Following the events of May 11, 1938, and the revelation of the navy’s central role in the Integralista plot, Vargas had been careful to promote “right-minded” officers—those loyal to his regime—to senior roles in the navy. In November 1939, the navy’s allegiance to the president was more secure, but most of its officers still favored developing ties with Germany, not the United States. On this day, Vargas selected for his audience those military officers who were pro-German, ensuring that they would be perfect for his message. Vargas started his address on a positive note:
There are no longer any differences on this continent. We are united by bonds of close solidarity to all of the American nations in ideals and aspirations and in the common interest of our defense. We, and all humanity, are passing through a historical moment of grave repercussions resulting from rapid and violent changes in values. We are headed for a future different from anything we have known in the line of economic, social, or political organization, and we feel that the old systems and antiquated formulas have entered into decline. It is not, however, the end of civilization as the pessimists and staunch conservatives claim, but the tumultuous and fruitful beginning of a new era. Vigorous peoples, ready to face life, must follow the line of their aspirations instead of wasting time in the contemplation of t
hat which is tottering and falling in ruins. It is therefore necessary to understand our times and remove the hindrances of dead ideas and dead ideals. Political order is no longer made in the shadow of the vague rhetorical humanitarianism which sought to abolish frontiers and create an international society without characteristics or friction, united and fraternal, enjoying peace as a natural right and not as a day to day conquest. Instead of this panorama of balance and of just distribution of the world’s riches we are witnessing the exasperation of nationalism, strong nations imposing their will by the sentiment of nationality and being sustained by the conviction of their superiority.4
President Vargas’s observations about the challenges facing Brazil were ones that anyone in his audience would have agreed with, although his allusion to a “new era” surely left many of them guessing what this future might look like, and how Vargas planned to lead Brazil into it. They would not have long to wait.
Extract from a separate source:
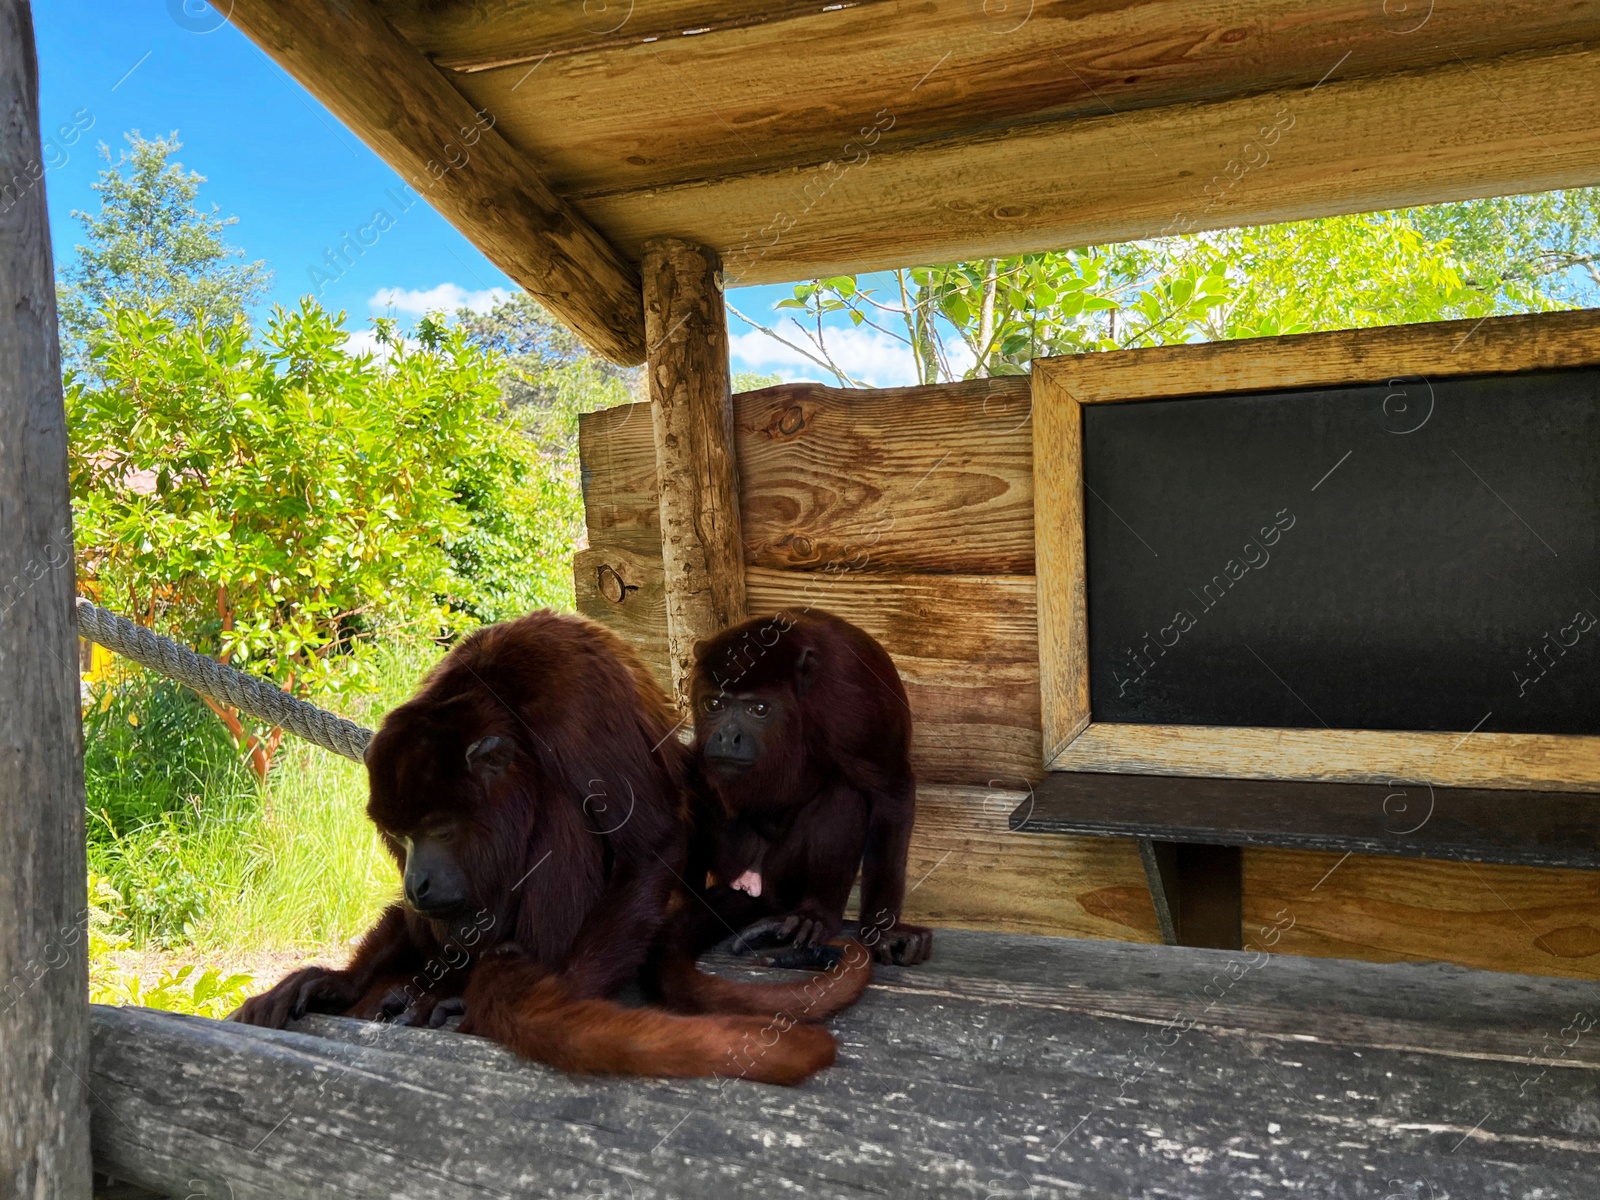 Photo of Cute chimpanzees in wooden gazebo outdoors on sunny day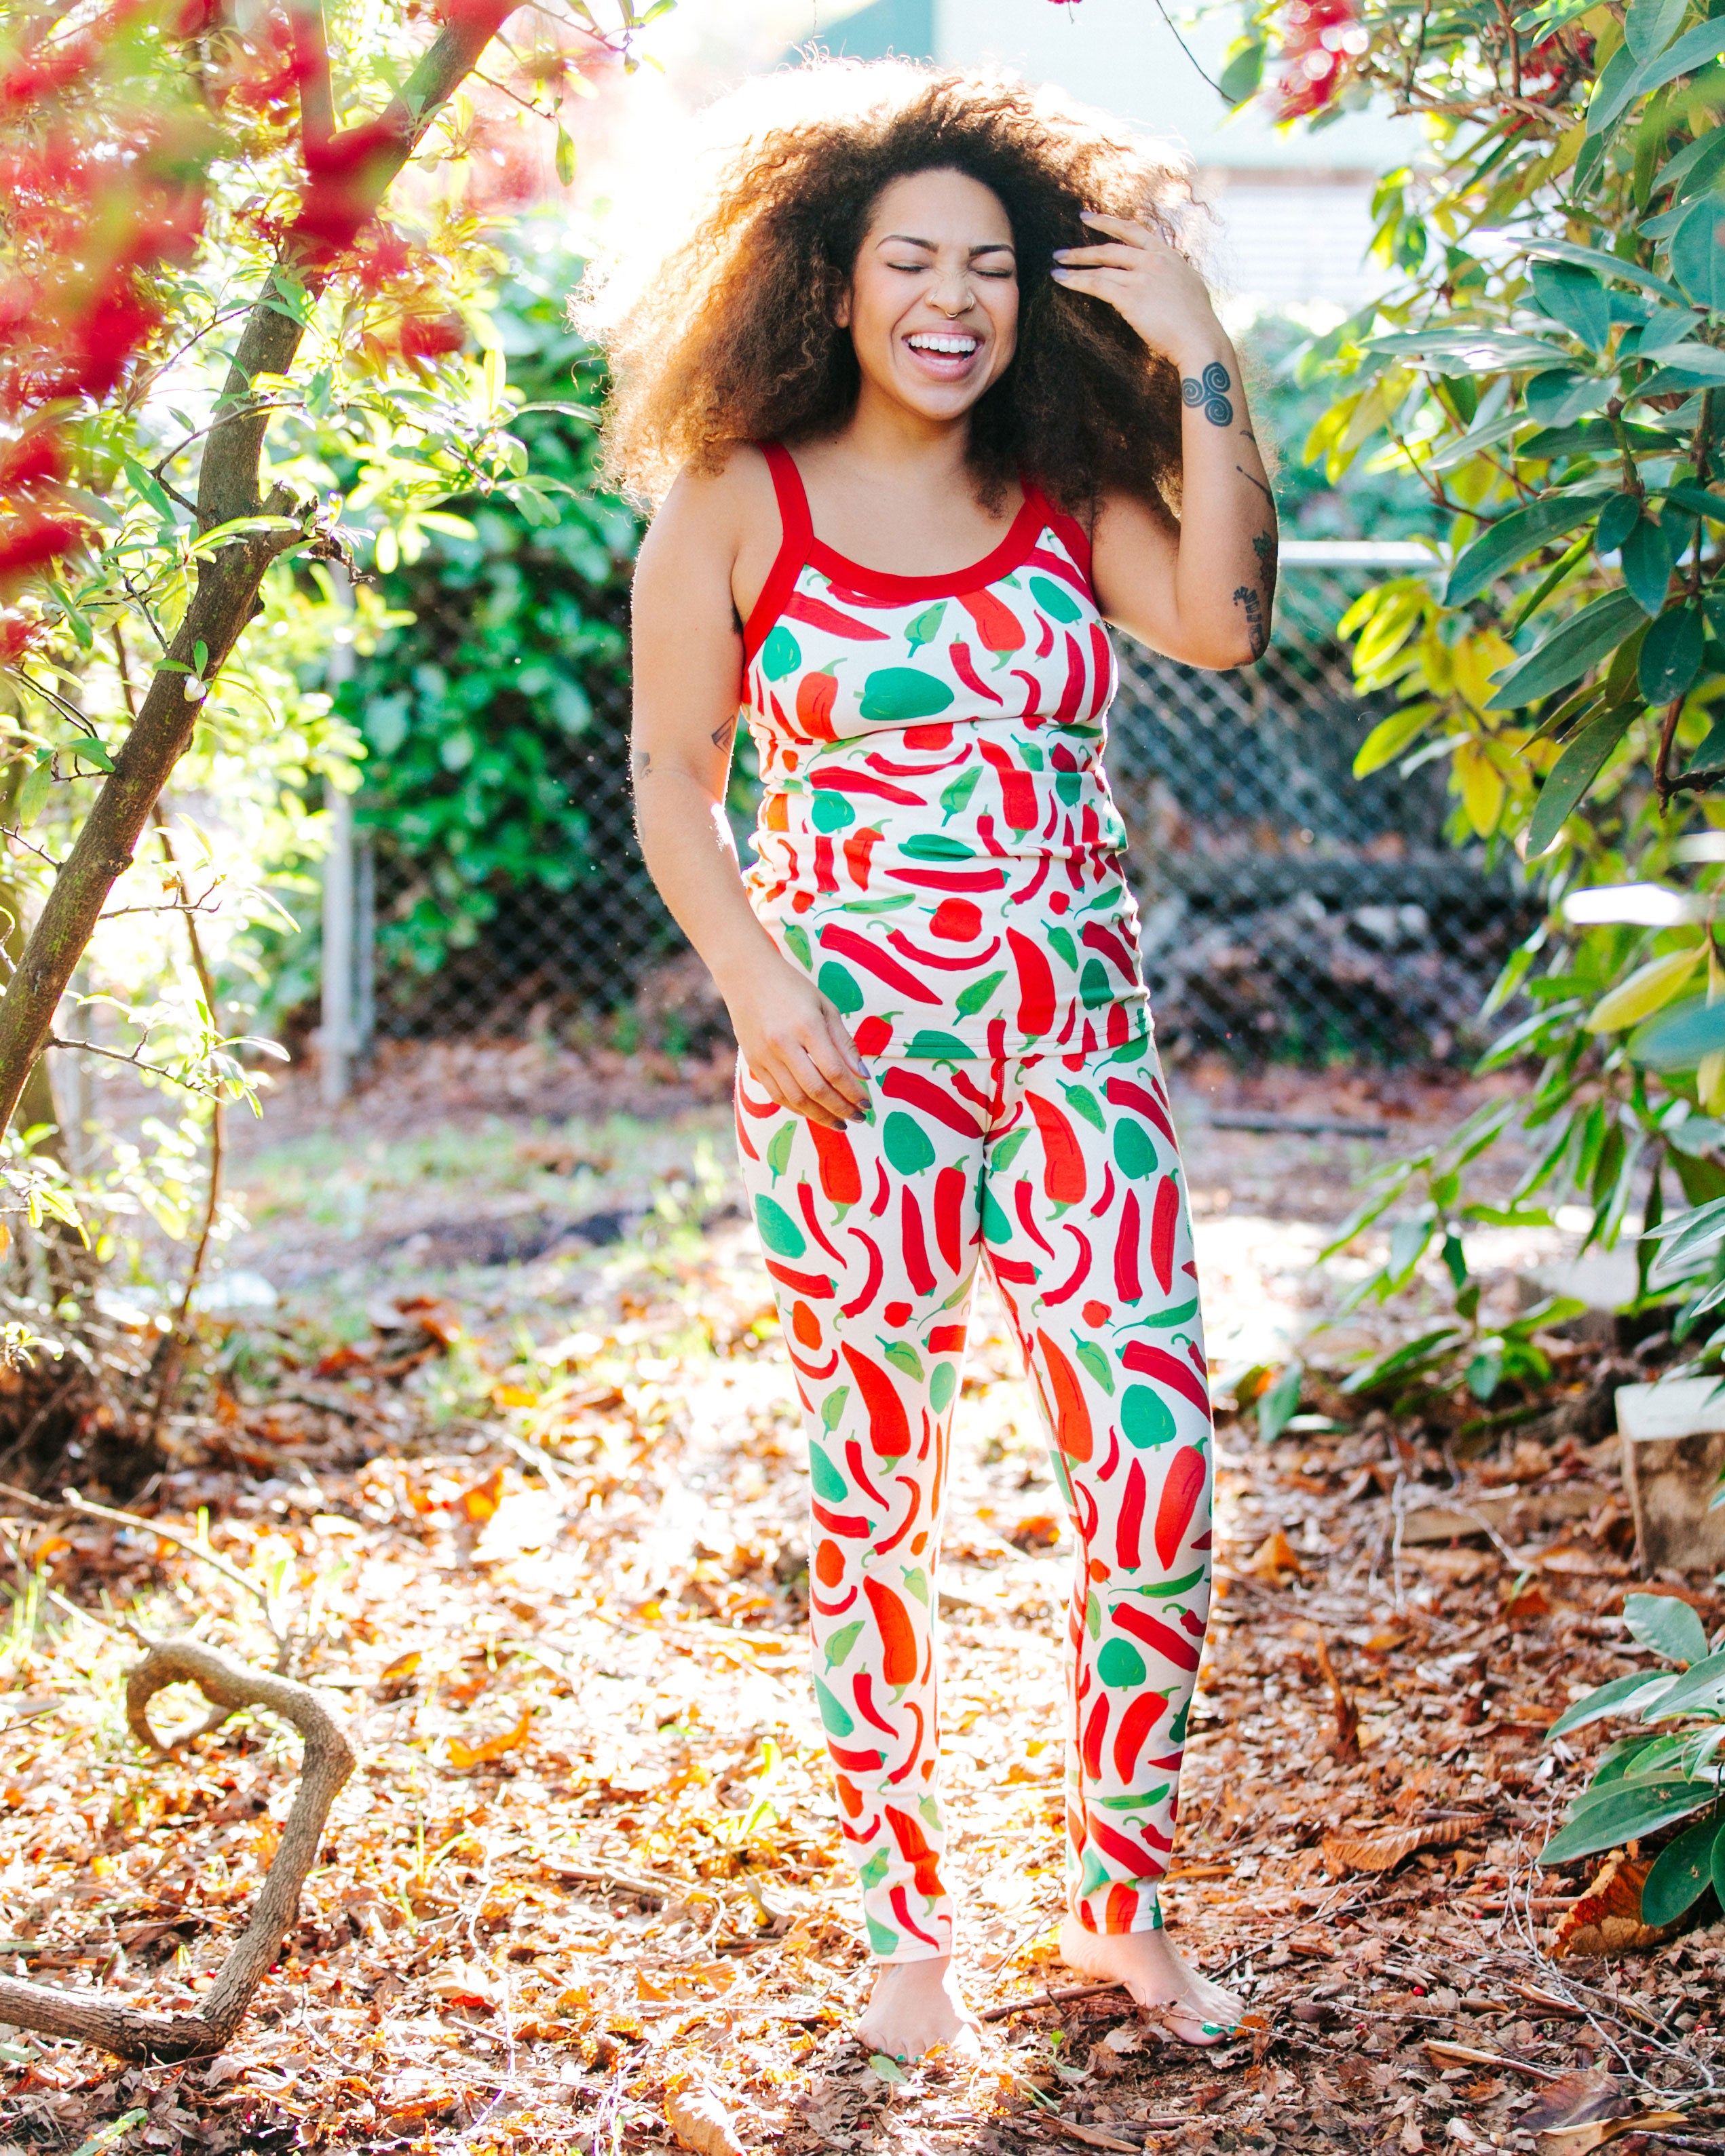 Model laughing outside wearing Thunderpants organic cotton Camisole and Leggings in our Hot Pants print: various green, orange, and red peppers printed on Vanilla with red binding.

After these opening remarks, Vargas changed his tack and moved to the portion of his speech that he knew would cause great offense in Washington and London. He spoke slowly, to give emphasis to his words. Brazil, he said:
Was witnessing the end of the era of improvident liberalism, sterile democracy where the power, emanating directly from the people and instituted for the defense of their interests, organizes labor—the source of national greatness—and not ways for private fortune. There is no longer room for regimes founded on privilege and class distinction; only those that incorporate the nation in the same duties and offer equitable social justice and opportunities in the struggle for life can survive.